Aster nodded. His face might not have changed shape. It might only have been the solemnity of his expression that had changed, though why their time with Cithrin would have done that and the death of King Simeon hadn’t… Or maybe it was one thing coming as it did after another.

That was certainly how Geder felt about himself.

“You haven’t done anything about Kalliam yet.”

“I know,” Geder said. “I mean, I have. I’ve given his estate to Basrahip. For priests. That’s something. I did something.”

Aster sat on the table, his legs swinging under it. His silence was reproach enough.

“It’s Jorey,” Geder said. “Dawson’s his father. I can’t execute my friend’s father.”

“Are you certain he’s your friend?”

Geder looked out toward the gardens, but the light had turned the glass to a dark mirror and all he could make out was himself and his books. Piles and piles of words that were neither truth nor lies.

“No,” he said. “And I know that I could just ask, and Basrahip would tell me. But I don’t want to. Because what if he isn’t? What if it all runs so deep that I don’t have anyone left? No, don’t. I know it makes sense to do the thing. I know I’d be better off knowing. Only, I could read a book first. Or talk with one of Cithrin’s bank people. Or anything, really. In any given hour, I can find something I’d rather do than know.”

“Why aren’t you angry at him?”

“Jorey?”

“Dawson. The father. He tried to kill you.”

“I know. And I should be. Maybe I am, just… I mean, it’s not like he laughed at me. He takes me seriously enough to think I’m worth killing. It’s just that I liked him. I did. And I wish he liked me too.”

“I don’t think he does,” Aster said.

Geder laughed.

“I think you’re right. I’ll do what needs doing. And I won’t die. I promise.”

Geder wondered whether this was what it was to have a son. He didn’t think so. It was too much like having a friend, and father and sons were something—many things—but not that. Perhaps it was that they both knew what it was to lose someone important. Or that they were the two men in Antea so wrapped in power and privilege that it isolated them.

“What are you going to do?” Aster asked.

“I’ll see him punished,” Geder said. “I’ll see all of it stopped. Whoever it is. And I’ll see that this never happens again. Agreed?”

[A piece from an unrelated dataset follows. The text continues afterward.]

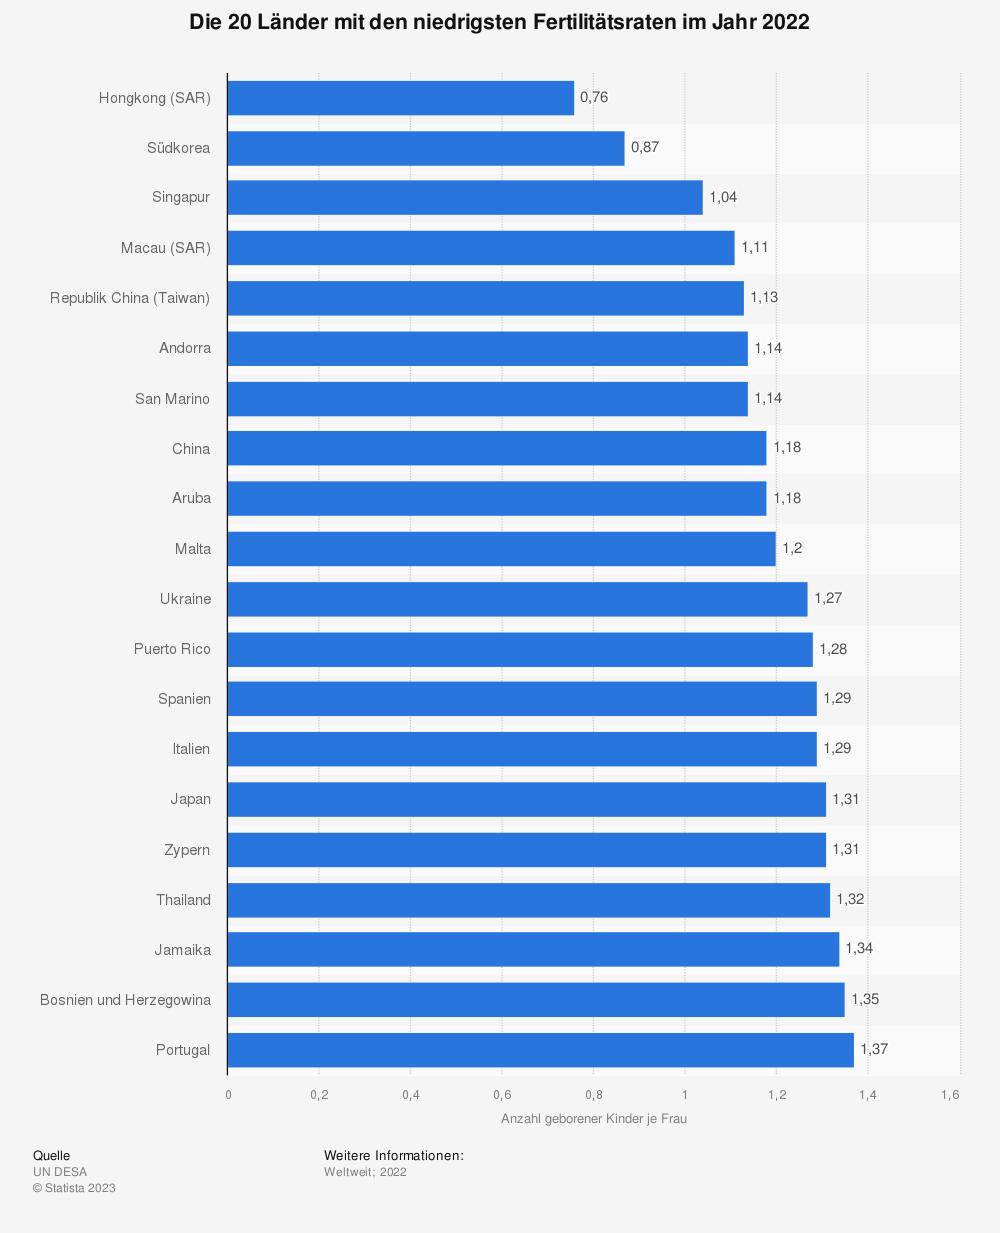 Länder mit den niedrigsten Fertilitätsraten 2012

Aster considered silently for a moment, then nodded. Geder put his book on the table, stood, and blew the first candle out. Aster joined him, snuffing each wick until darkness and a breath of smoke was all that was left of the library.

“So,” Geder said as they walked out, man and boy side by side, together but not touching, “I know nothing would be possible so long as I’m Lord Regent. But once I’m done with my watch and the throne’s yours? How bad do you think the scandal would be if I married a banker?”